C’est aussi pour cela que les campagnes de credential stuffing ou de force brute restent efficaces. Les attaquants n’ont pas besoin de disposer d’une vulnérabilité inconnue si des mots de passe réutilisés, trop anciens ou insuffisamment protégés leur permettent de tester massivement des accès. À grande échelle, même un taux de réussite faible devient rentable.
Le nom FortiBleed peut donner l’impression d’un épisode unique, comparable à une faille majeure portant son propre surnom. Le risque réel est plus prosaïque. Il tient à l’hygiène des accès, à la rotation des mots de passe, à la généralisation de l’authentification multifacteur résistante au phishing, à la fermeture des interfaces d’administration publiques et à la capacité à repérer des connexions anormales dans les journaux.
Réinitialiser ne suffit pas toujours
Les recommandations publiées autour de FortiBleed vont toutes dans le même sens. Il faut couper les sessions actives, réinitialiser les comptes VPN et administrateurs, vérifier la robustesse du stockage des identifiants, imposer une authentification multifacteur et revoir les journaux firewall, VPN, annuaires et contrôleurs de domaine.

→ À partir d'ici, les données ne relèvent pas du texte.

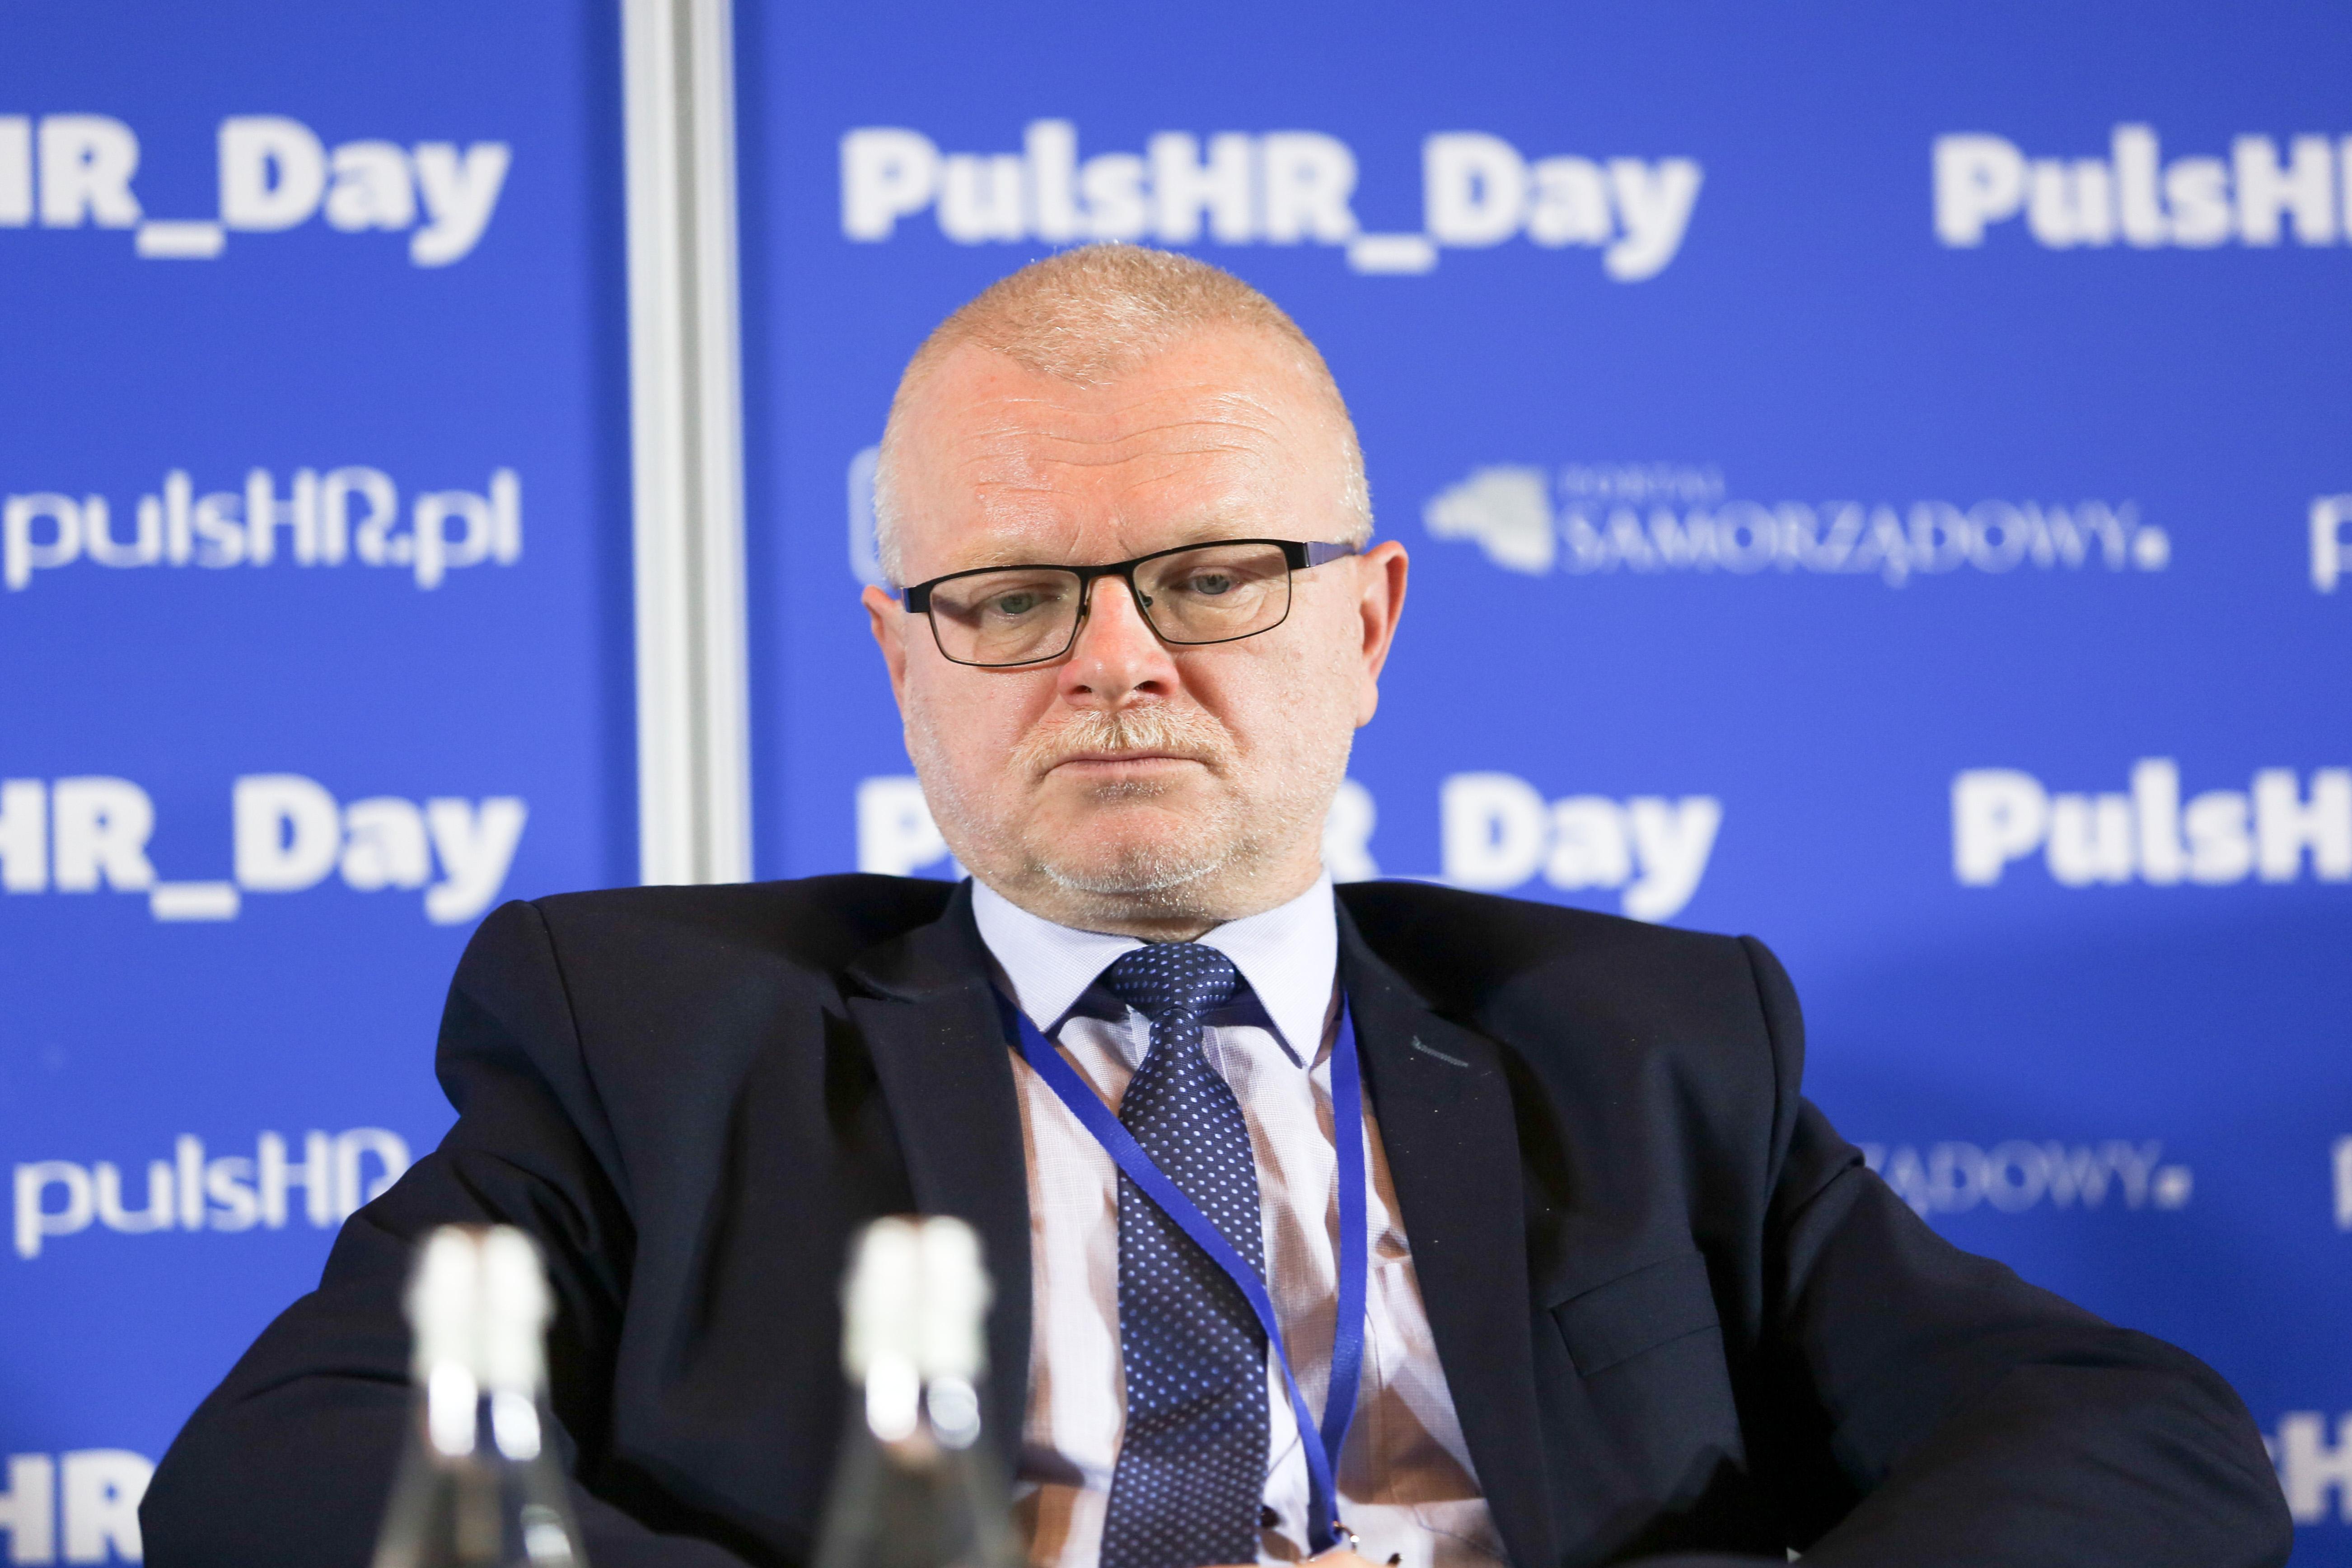 Jerzy Kędziora, dyrektor Powiatowego Urzędu Pracy w Chorzowie oraz przewodniczący Konwentu Dyrektorów Powiatowych Urzędów Pracy Województwa Śląskiego mówi, że urzędy pracy muszą iść z duchem czasu. (fot. PTWP)

Mais cette liste ne doit pas être lue comme une simple procédure technique. Un accès compromis peut aussi avoir servi à installer une persistance, créer un compte secondaire, modifier une règle, récupérer une configuration ou explorer des ressources internes. La réponse doit donc inclure une vérification plus large de l’environnement, au-delà des seuls comptes immédiatement visibles.
Pour les RSSI, FortiBleed pose aussi une question d’inventaire. Quels équipements sont réellement exposés ? Quels accès administrateurs sont accessibles depuis Internet ? Quels prestataires disposent encore de comptes actifs ? Quels journaux sont conservés assez longtemps pour comprendre ce qui s’est passé ? Ces questions sont moins spectaculaires qu’une alerte zero-day, mais elles déterminent la capacité réelle à reprendre la main.
C’est moins spectaculaire qu’une faille zero-day, mais souvent plus difficile à solder. Tant qu’un accès distant compromis reste valide, l’incident initial n’appartient pas vraiment au passé.